The correct option is B $$\cfrac { 1 }{ { p }^{ 2 } } =\cfrac { 1 }{ { b }^{ 2 } } +\cfrac { 1 }{ { c }^{ 2 } } $$
Given, In $$\triangle ABC $$, $$\angle A = 90 $$ and $$ AD \perp BC $$
In $$\triangle ABC$$, 

$$\angle BAC + \angle ABC + \angle ACB = 180 $$

$$90 + \angle ABC + \angle ACB = 180 $$

$$\angle ABC + \angle ACB = 90 $$ (I)
In $$\triangle CAD$$,

$$\angle CAD + \angle ACD + \angle ADC = 180 $$

$$\angle CAD + \angle ACD + 90 = 180 $$

$$\angle CAD + \angle ACD = 90 $$..(II)

Equating (I) and (II),
$$\angle ABC + \angle ACB = \angle CAD + \angle ACD $$
$$\angle ABC = \angle CAD $$...(III)
Similarly, $$\angle ACB = \angle BAD $$...(IV)
Now, In $$\triangle$$s, ABC and DAC

$$\angle ABC = \angle CAD $$ ..(From III)

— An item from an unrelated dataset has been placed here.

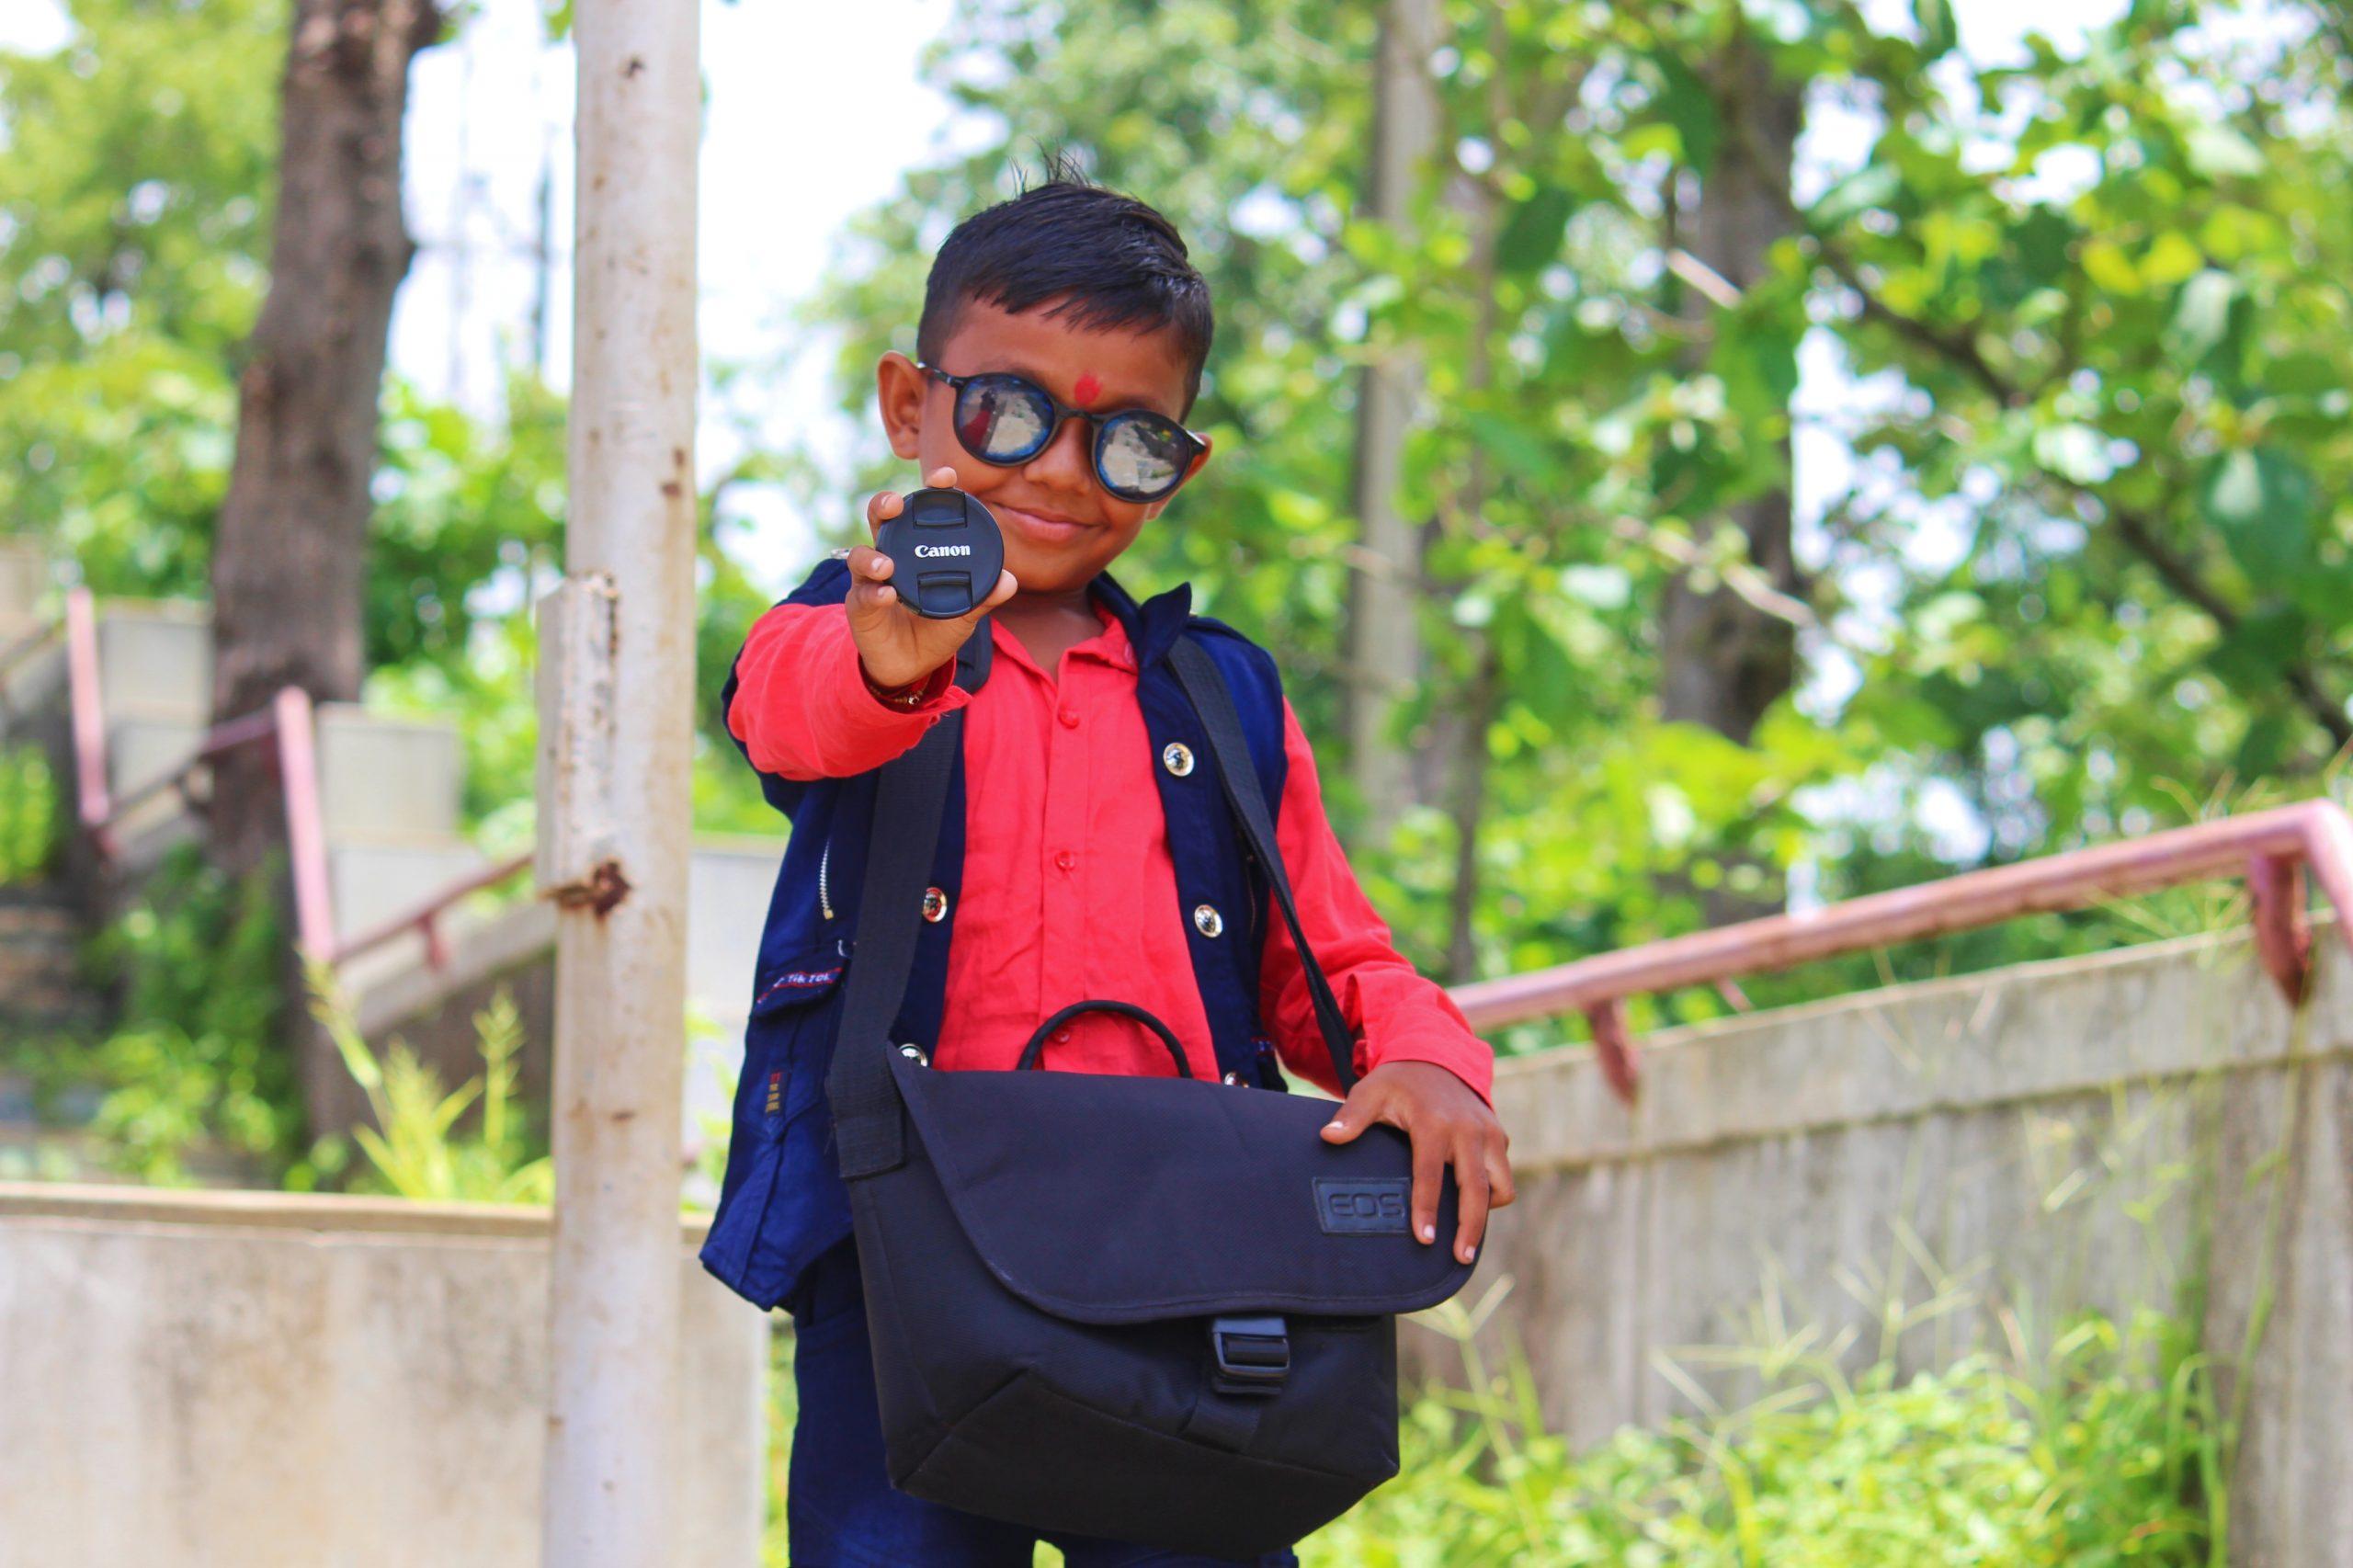 A little boy with lens cap
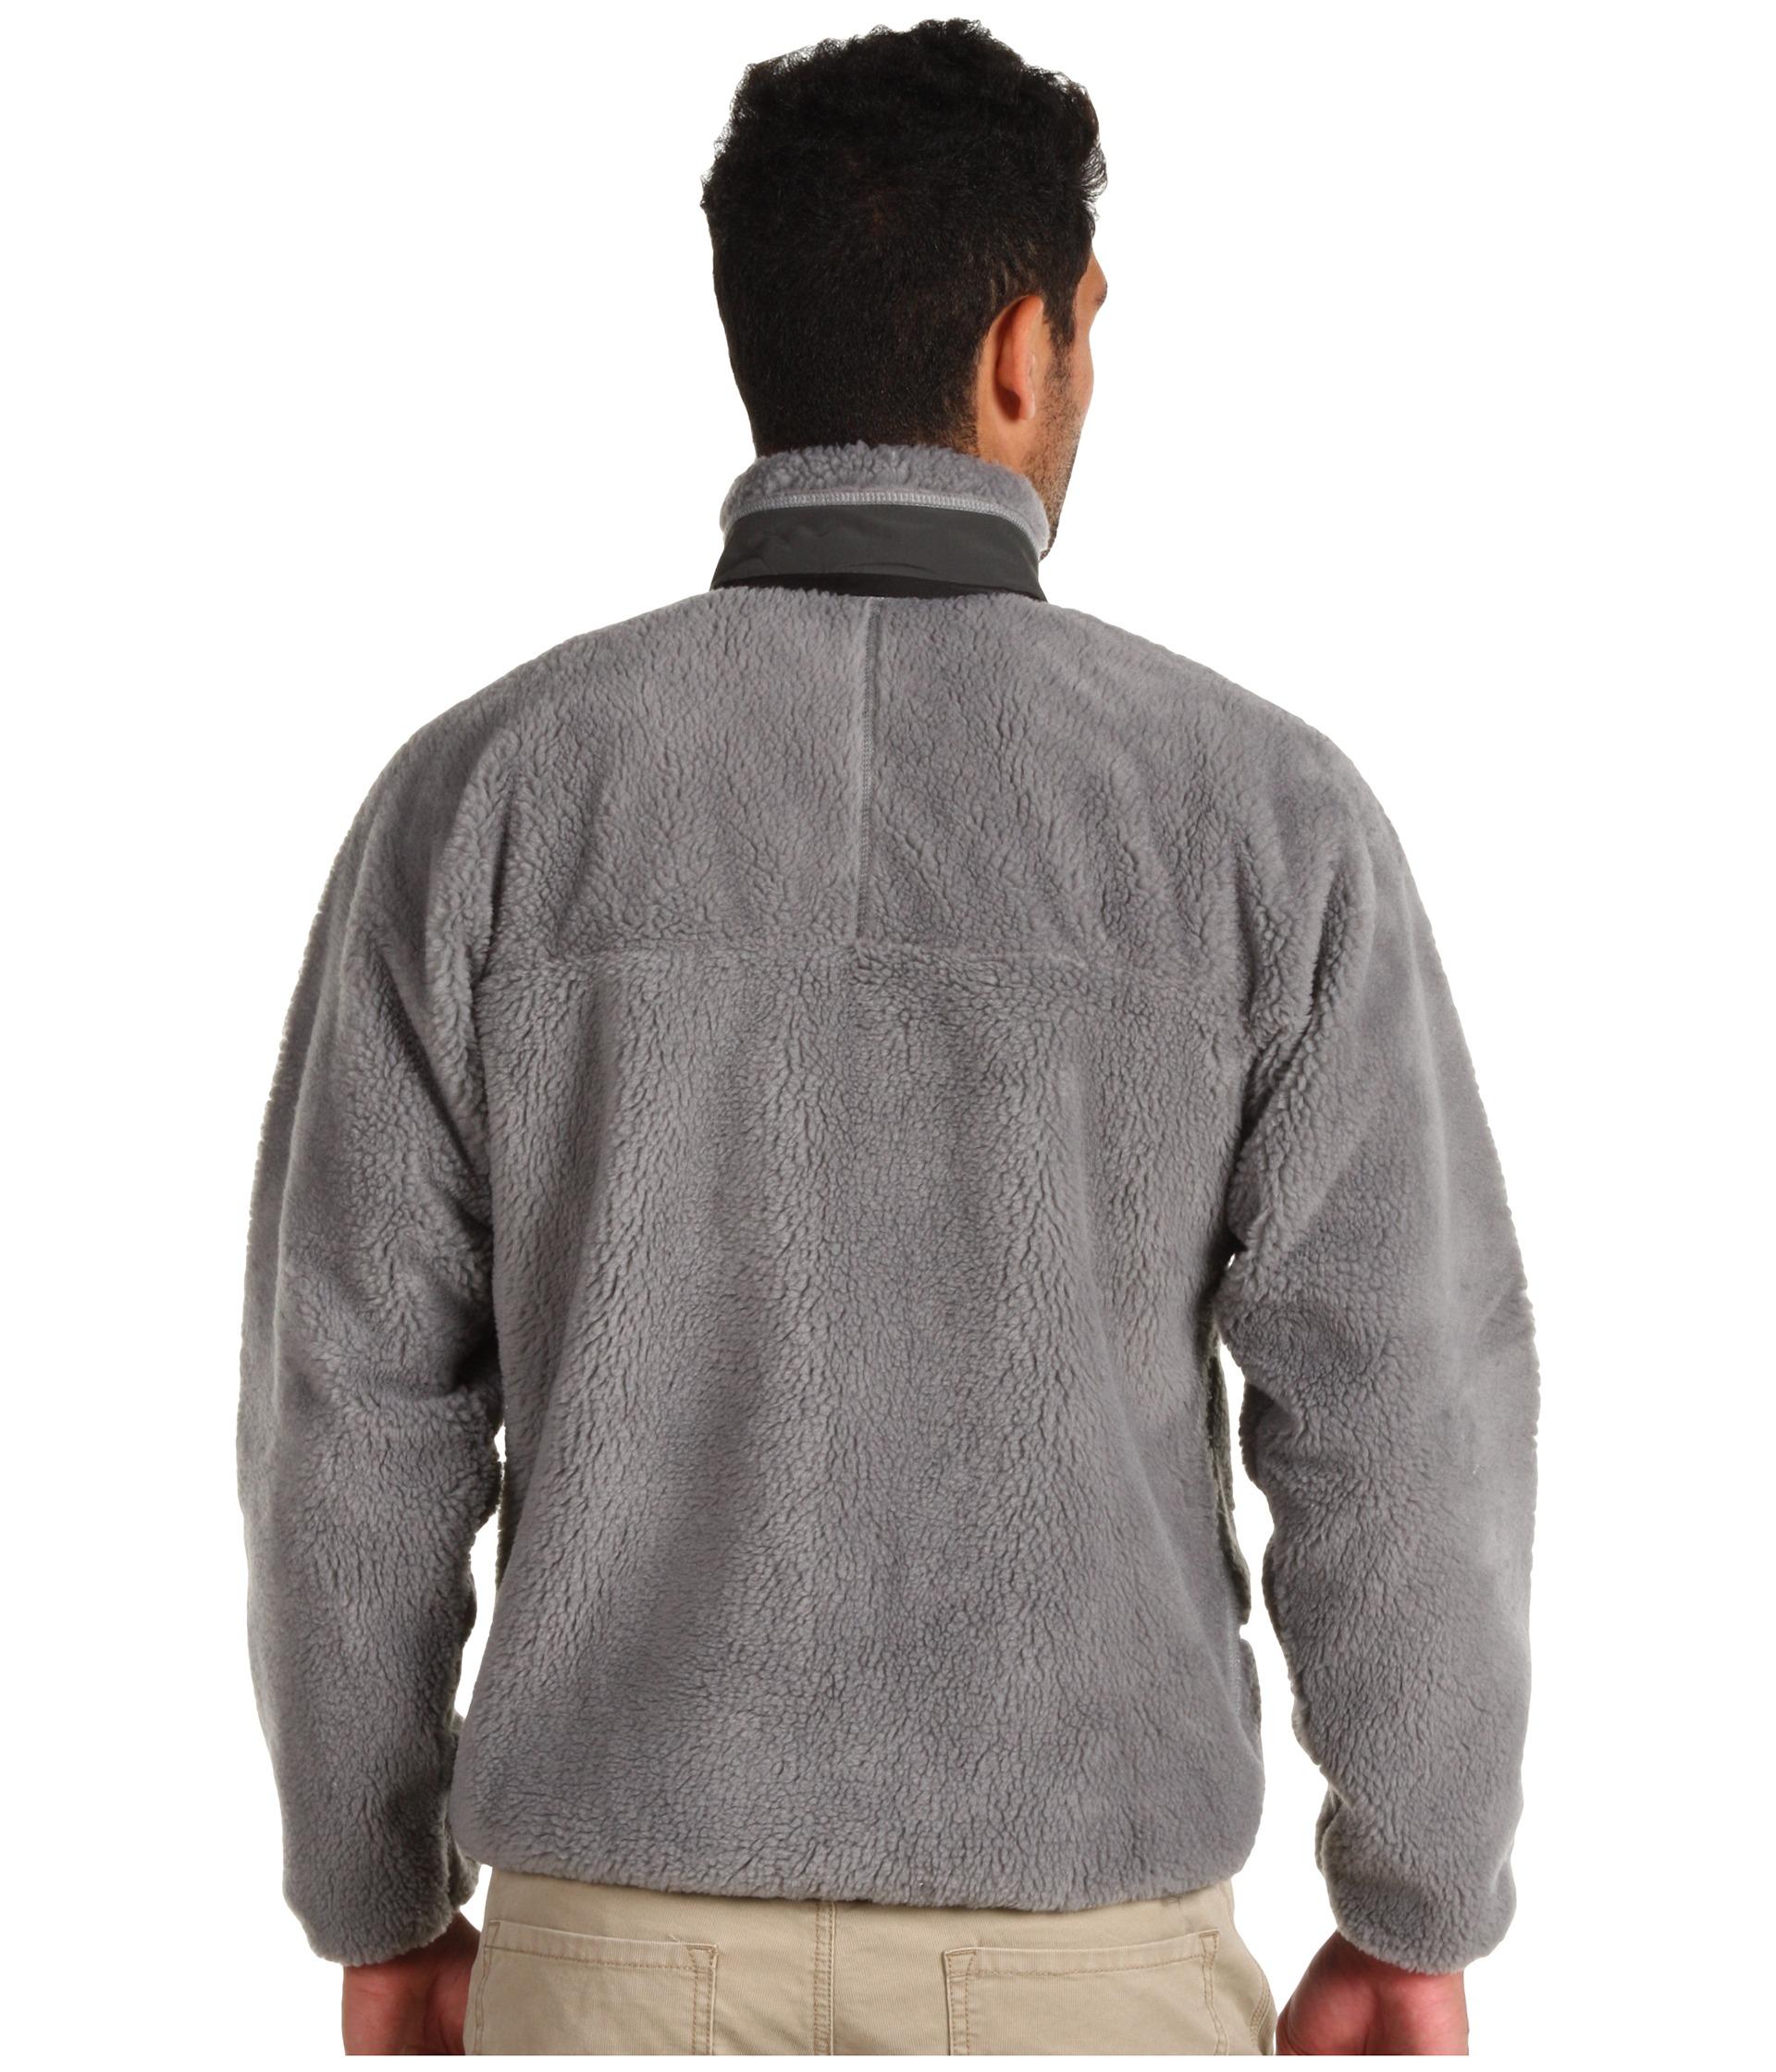 Patagonia Classic Retro X Jacket Shipped Free At Zappos

$$\angle BAC = \angle CDA$$ (Each $$90^{\circ})$$

$$\angle ACD = \angle ACB $$ (Common angle)

Thus, $$\triangle ABC \sim \triangle DAC$$ (AAA rule)

Thus, $$\dfrac{AC}{DC} = \dfrac{BC}{AC}$$ (Sides of similar triangles are in proportion)

$$AC^2 = BC \times DC $$... (V)
Similarly, $$\triangle ABC \sim \triangle DBA$$

and $$\dfrac{AB}{BD} = \dfrac{BC}{AB}$$ (Sides of similar triangles are in proportion)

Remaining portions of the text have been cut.